2008年8月30日土曜日

「殴れ」? - 勇午2

(投稿:8.30、加筆:9.1)
『勇午』では字義通りの依頼遂行と根本的問題への対処が分けられている。ただし、この場合、a.字義通りの依頼、b.依頼者の意図、c.根本的問題への対処、の区別が大事で、しかもc.は勇午自身が独自に、依頼引き受けの時点では明確に語られることなく選択されている。a/bに対してcが独自の運きをするのがいわばドラマを形成しているところがある。この場合、c.は勇午の意図でも言うべき感じになる。交渉人を素材にした物語が他にどれだけあるのか知らないけど、「勇午」の特色ってこのあたりだと思う。

ロシア:
 資金凍結というかたちで、使用法の保留・先送りではあれ、遺産を真にロシアのために使おう、という問題の前進(c達成)に。激怒し地団駄を踏むに違いない(bは思いっきり裏切られている)アンドレイが最後に出てこないのが惜しいぐらい。
インド:
 ヒンドゥーとイスラムの和解(c)に向けた歩みに向かって、火種の着火を一つ防いだ、しかし和解の未来はまだ遠い、ミシュラのような人に期待しよう…というものだね。解決には長期を要するが、その一歩となることを祈ろう、という勇午の交渉の成功パターン。

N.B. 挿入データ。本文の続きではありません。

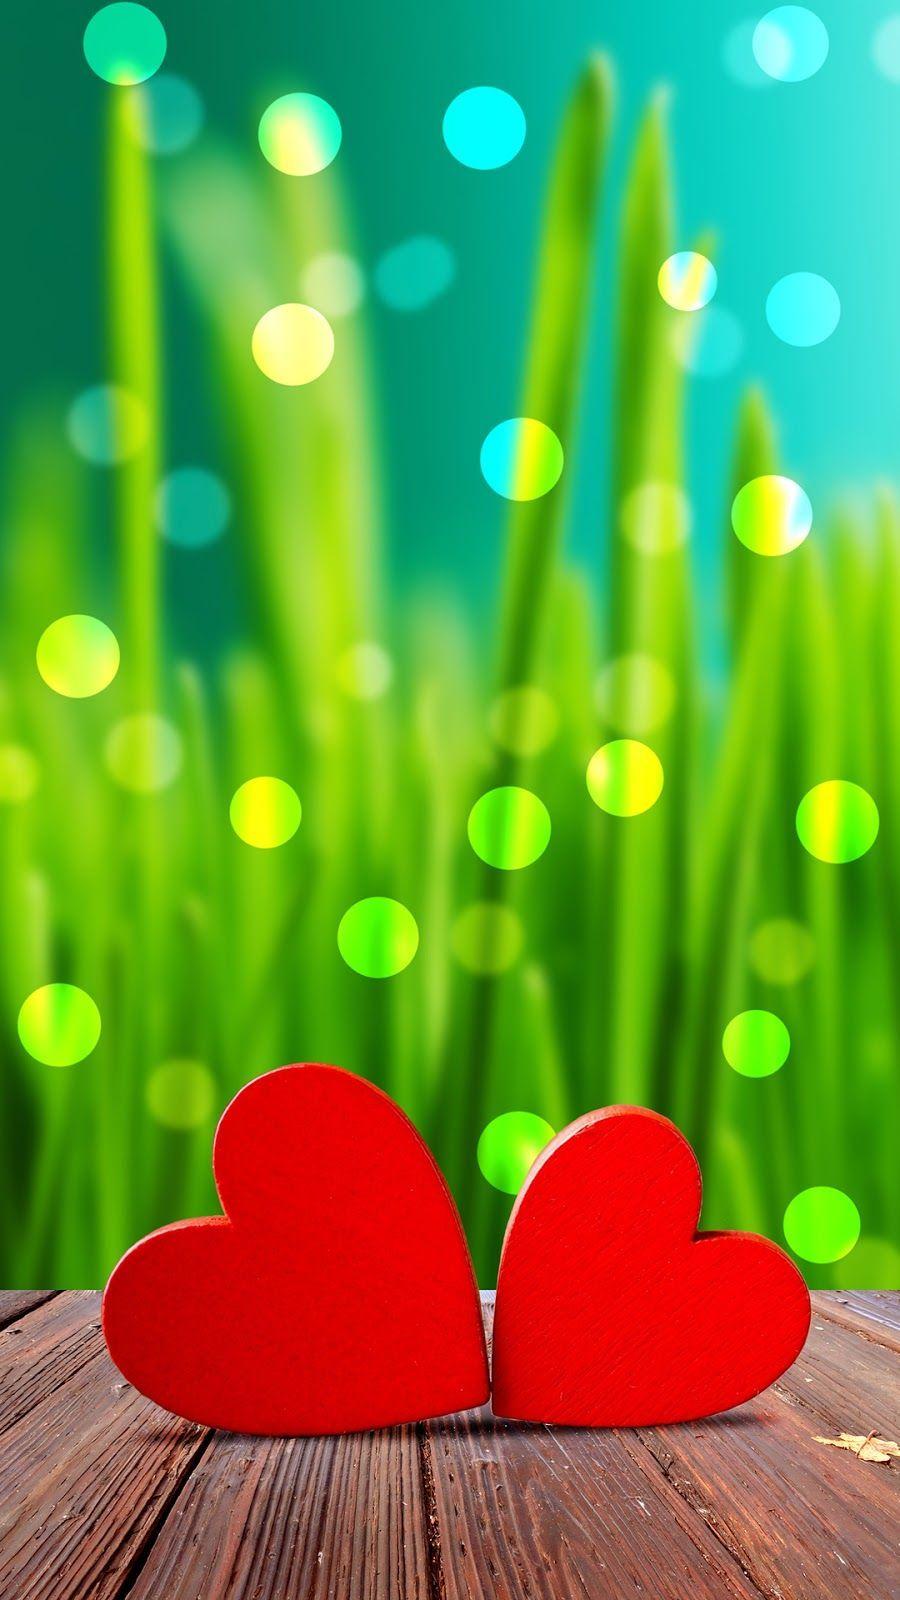 Cute Love Wallpaper iPhone 6S Plus. Wallpaper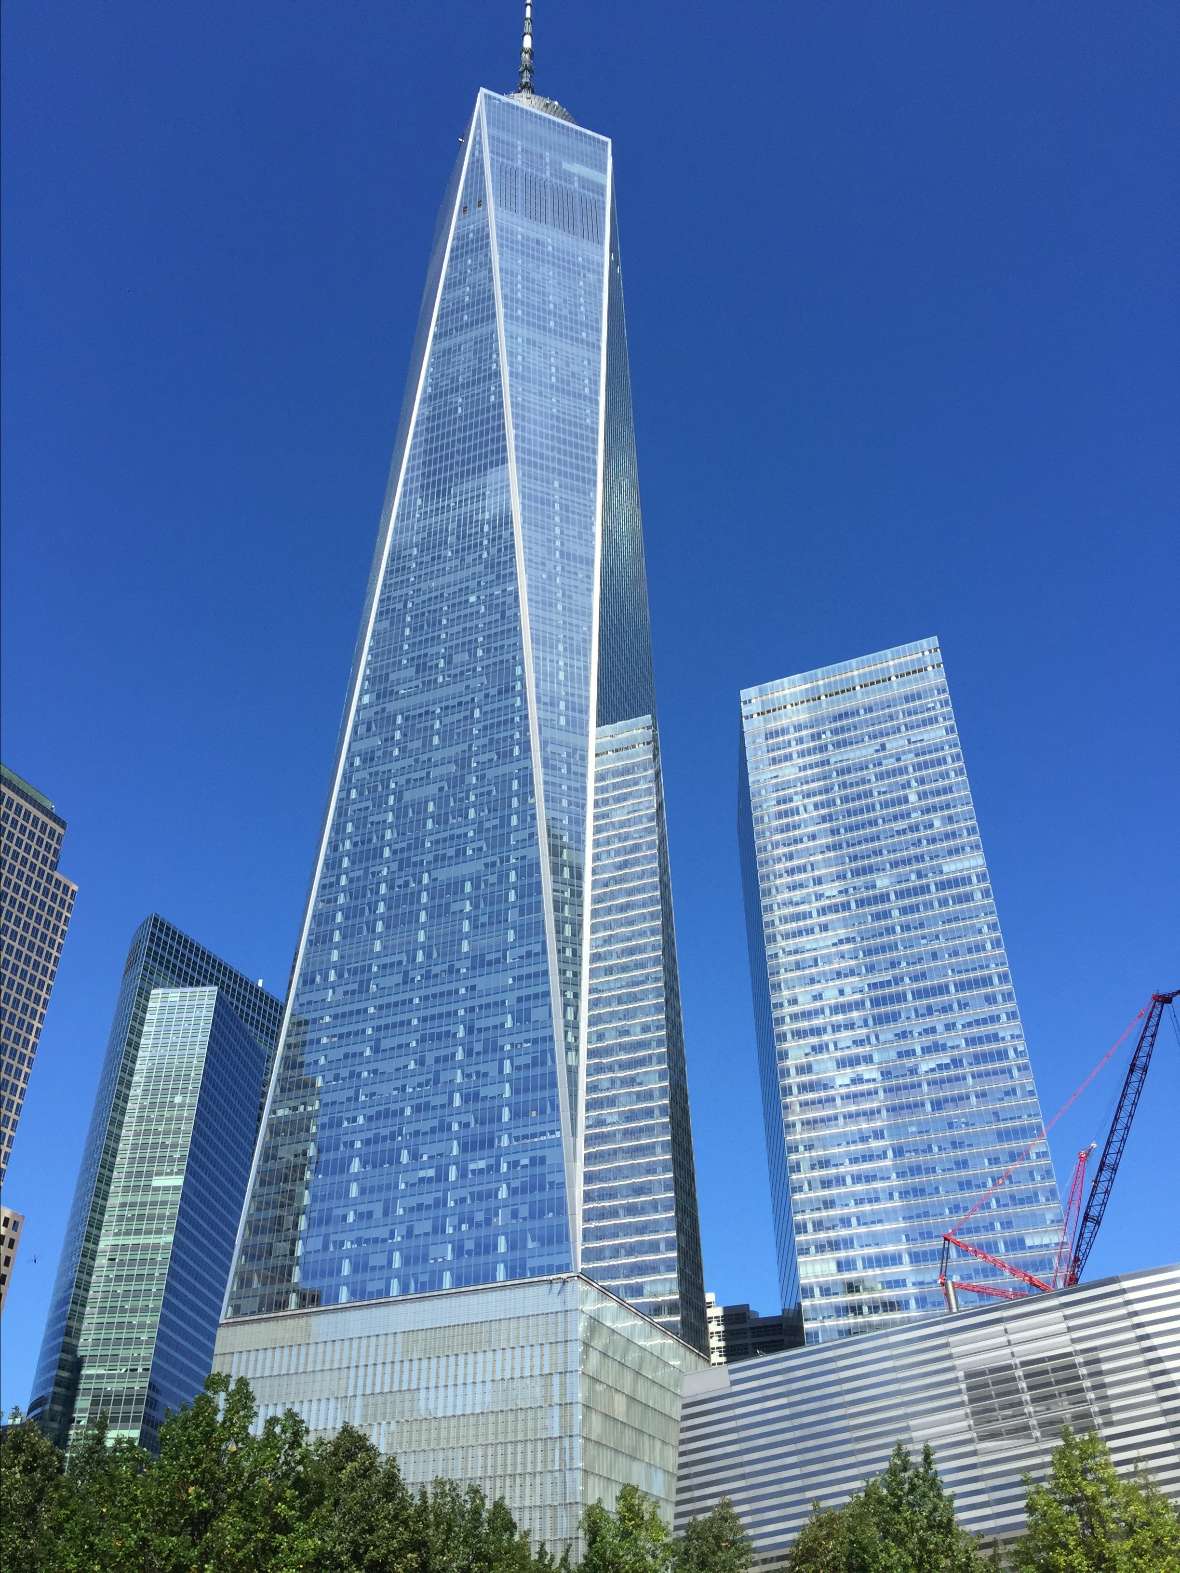 Der gigantische Turm des neuen One World Trade Center

 LA編は契約遂行に関して他よりちょっと複雑で、マケインが言うタフトの依頼は「スーザンを無事に連れ戻せ」(17巻p.184)、タフト「連れ戻してくれたまえ」(17巻p.218)となってて、bは鮮明なんだけどそいつもの勇午の「わかりました、~~を遂行するという意味でなら引き受けます」のくだりがないので、aが何なのか不鮮明。これは最後になってようやく暗に示される。
「既にスーザンがイベットを殺害したという確信を持っていた勇午は、スーザンの意思を考え彼女の幸せと人生を最重要視して(c1)スーザンが新しい人生を生きれるようにする(c2)という目的に向けて、死体というかたちではあれ連れ戻し(タフトの言葉だけで考えてa=bとする)、自分は殺人犯として刑を受ける」というふうになってる。さらに、「連れ戻す」前提には、マクスウェル・ビッカーズのオーナーである事実がある以上、自由の身にはなれないから、というのがあって、「オーナーではなくなってスーザンとしてではなく新たな人生を与えられれば、連れ戻す必要はない」ということも意味している。これはa(=b)ではないんだが、cの基礎となる。しかしマケインの必死の行動がスーザンの気持ちを変え、勇午の念頭にあったc1とc2が矛盾し、彼女は殺人犯として刑に服すことを選ぶ(c1)。その結果、勇午がとった「スーザンの新しい自身」(c2)のための行動がご破算になるわけだ。ただし、そうしたスーザンの意思は重んじることを勇午は選ぶ。LA編は、勇午は何のために動いているのかが謎のまま進行し、それが明かされるまでの話で、結構異色なんだ。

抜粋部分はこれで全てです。